Neither could I. At millennium's turn, to imagine such a festival in my hometown would have been nigh impossible. The murder rate in the city was among the highest in North Carolina, documentaries were being made about the vibrant gang culture, and downtown was nearly empty. Tobacco had left some forty years hence, leaving behind its redbrick exoskeleton; nothing had taken its place. My teenage experience was colored by being a teenager, naturally, but going out basically meant smoking pot with some buddies.

Now, the cultural cup runneth over, especially in springtime. In early April, Full Frame Documentary Festival kicked off festival season, which continued through Art of Cool Festival and Moogfest to the six-week American Dance Festival. The bookend festivals have been here for decades (Full Frame 19 years, ADF 38), and have carved themselves comfortable niches in the city's artistic landscape; each sports major cachet in its respective corner of the art world. The newer music festivals, though, became a referendum on the city's soul-search, begging the question of just who Durham is for.


The first round of Durham's renaissance, around the turn of the millennium, was largely bloodless, as businesses and residents moved into spaces that had lain dormant for years. But as the elixir of rejuvenation kept flowing, the specter of gentrification has emerged, pricing longtime residents out of their homes and worrying some by turning downtown into a haven of well-heeled and largely White young professionals. In March, Gillian B. White wrote in the Atlantic detailing rent hikes in Durham and the city's seeming lack of a coherent plan to deal with the fallout. In June, the chair of the Durham Housing Authority's Board of Commissioners wrote in the Raleigh News & Observer of landlords refusing to rent units to low-income tenants with housing vouchers and instead renting at market value to the plentiful newcomers, neutering one of the plans that does exist to help fight marginalization. Local weekly Indy Week has described retailers, witnesses and drivers of Durham's revitalization, themselves being forced out by rising rents.

The potential cost of gentrification is meted in concrete terms of human lives affected—who can live (and work) where? When interviewed, Mayor Bill Bell and City Councilman Steve Schewel both returned repeatedly to these issues as the ones the city must urgently confront. To that end, they say, Durham's city government has been working to create an affordable housing plan to meet the needs of its citizens not riding the cresting wave of change but waiting in its trough. The mechanics are tricky, as North Carolina state law prevents municipalities from regulating rent of private property—so private developers cannot be made to set aside units for low and middle-income tenants, nor can cities institute rent control. Durhamites' tribulations bump uncomfortably into the city's recent thrills. Black Lives Matter shut down a central intersection on the first day of Moogfest, demanding that those who built this city be recognized.

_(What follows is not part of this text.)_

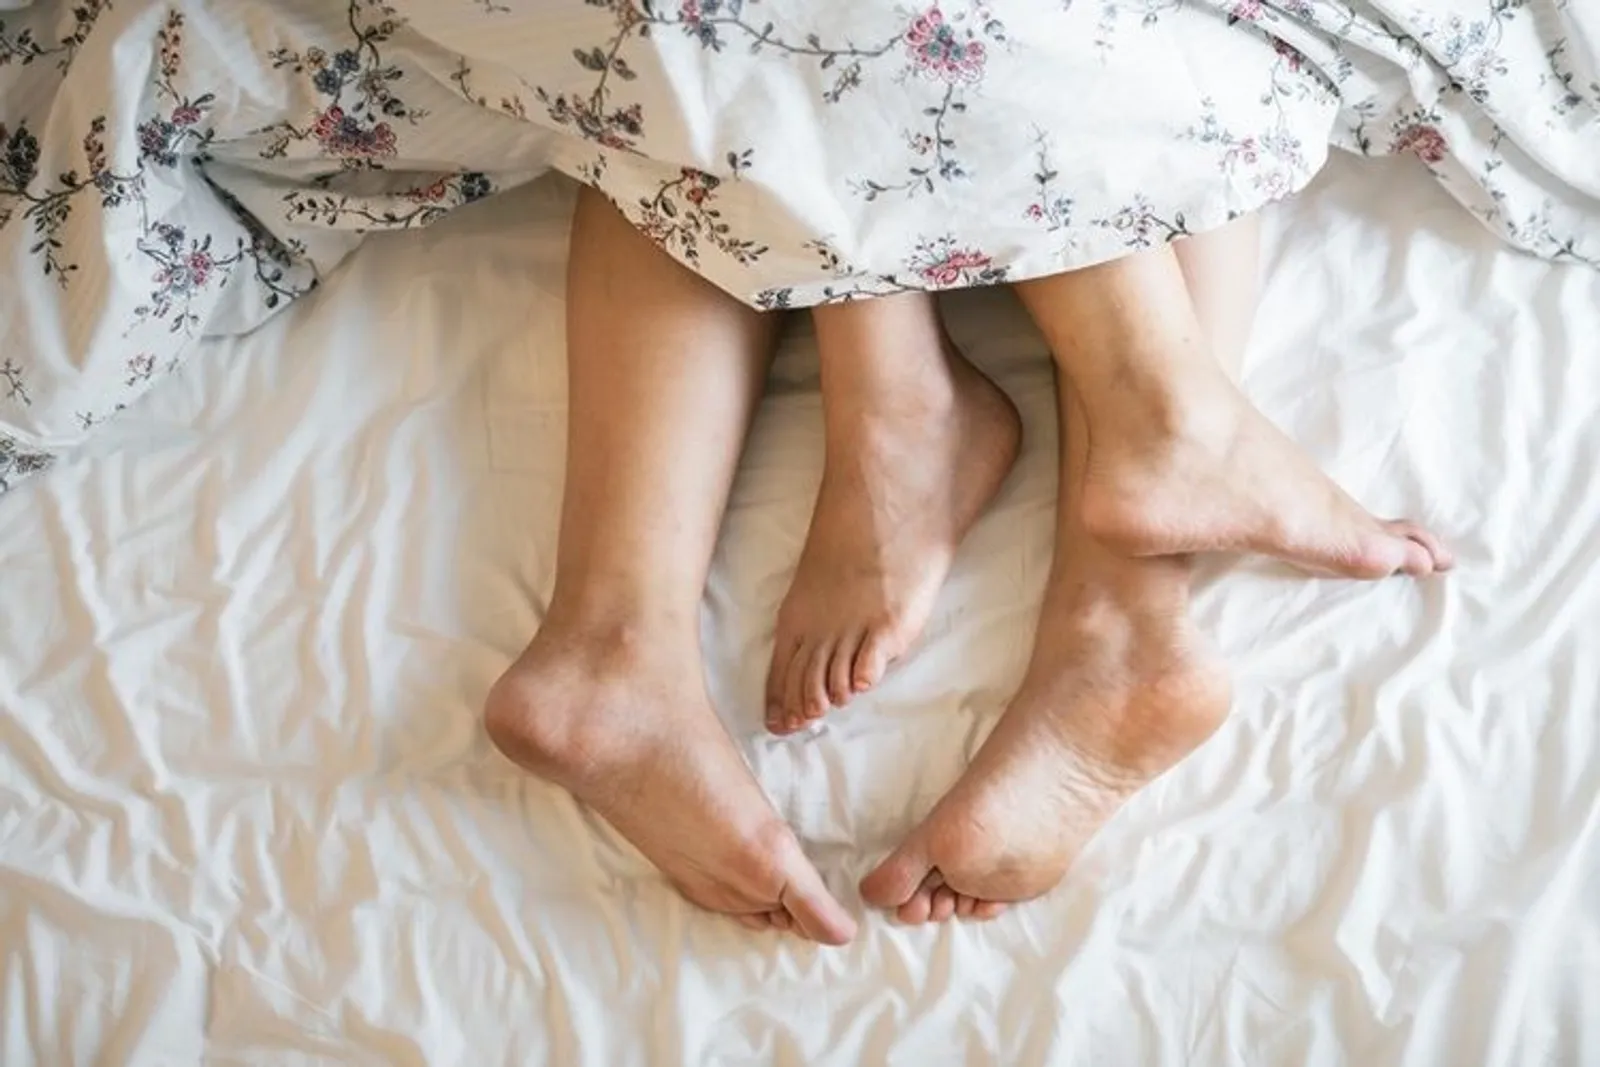 5 Hal yang Sering Membuat Laki-Laki Merasa Insecure di Depan Istri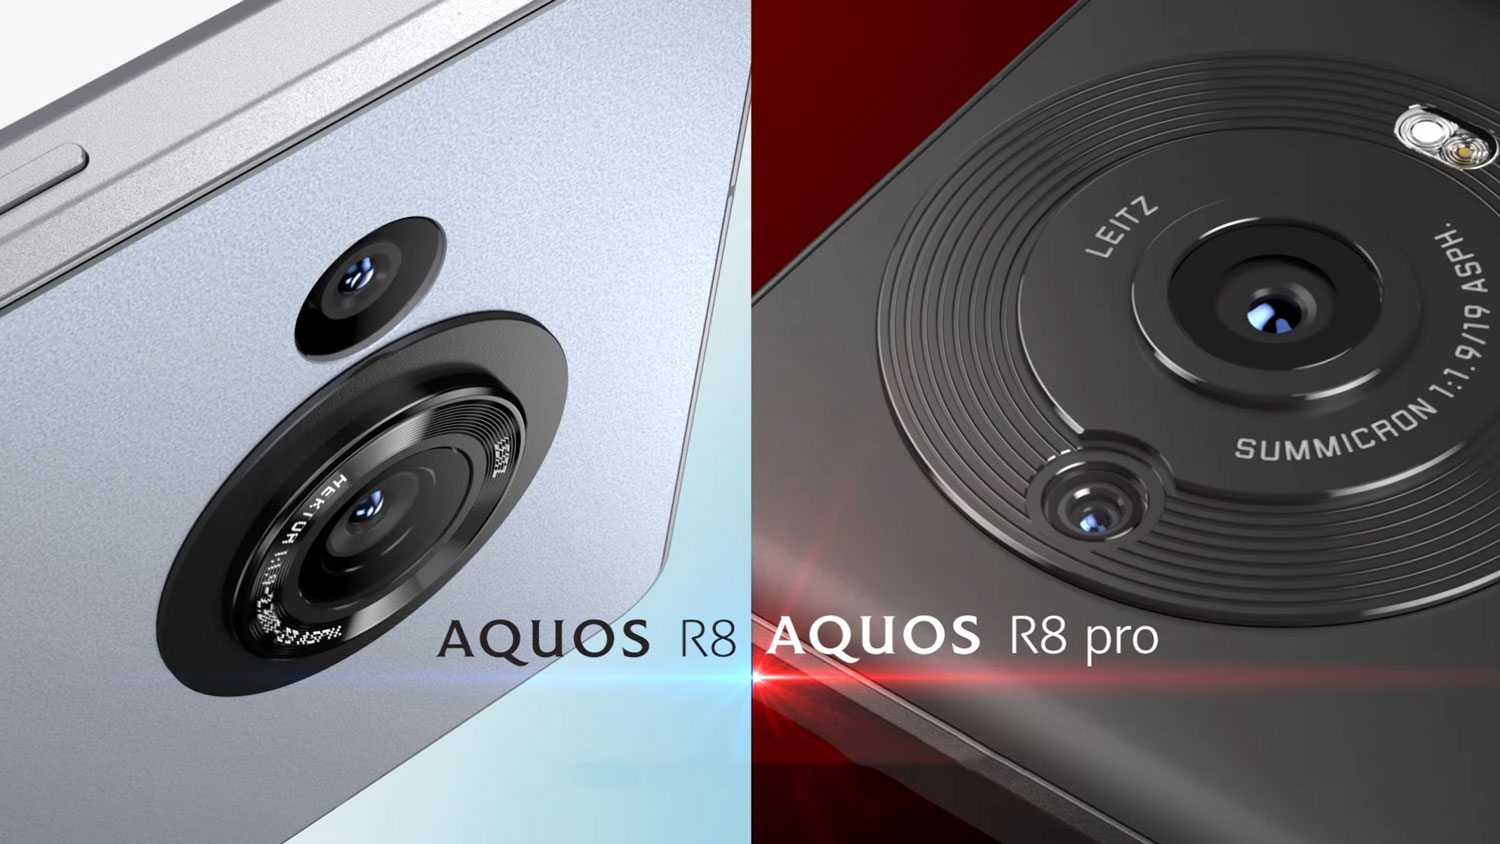 AQUOS R8 vs AQUOS R8 pro

"Culturally, you see Durham getting more and more interesting, for those people who can afford access to it. And that's most people in Durham," councilman Schewel told me. "But there are twenty percent of people who are not sharing in that, many living in poverty, most of them Black and brown, and they are being adversely affected by gentrification, priced out of neighborhoods they've lived in for a long time, and in many cases unable to access the good jobs that are being created."

These points are obverse, as gentrification is too a question of culture, both who is producing a place's cultural goods and who is able to consume them. Amid creeping worry about the city's ebbing quintessence, festival season crystallized the fears of the area's literati.


In 2016, cultural spectacle comes (happily) with attendant commentary about its social context. There can be no Rio Olympics without a discussion of Brazil's inequality, no San Francisco Super Bowl without examination of weaponized police forces. So as Durham prepared for festival season, funding disparities between Moogfest—a festival attended mostly by affluent young White folks—and Art of Cool—a majority Black festival, homegrown, half the price—came to the fore.

Writing in Bull City Rising, a city blog, Lisa Sorg decried in April that the City of Durham had funded Moogfest more generously and earlier than Art of Cool. With caveats noted—principally, that Moogfest was estimated to have four times the economic impact on Durham's economy—Sorg chalked this up to the city's favoritism for the young, White creative class, many of whom would be visiting from across the nation and indeed globe, over the more regional and Blacker audience of AOC. A rejoinder in Bull City Rising soon thereafter took the position that the caveat is here the point: Moogfest, as a bigger festival, merits more city investment. The author, Kevin Davis, was "not convinced that it makes sense to attribute to inequity what may be better explained as organizations reacting to opportunity, not always in a perfect way." Still skeptical, Indy Week warned that the funding disparity "says a lot about [the city's] future." "Despite talk of economic development," the author Grayson Haver Currin wrote, "it's hard not to see the disproportionate math and the open-and-closed doors as an attempt to whitewash Durham's events."

Nick Wallhauser at a Dial-Tones event in Durham.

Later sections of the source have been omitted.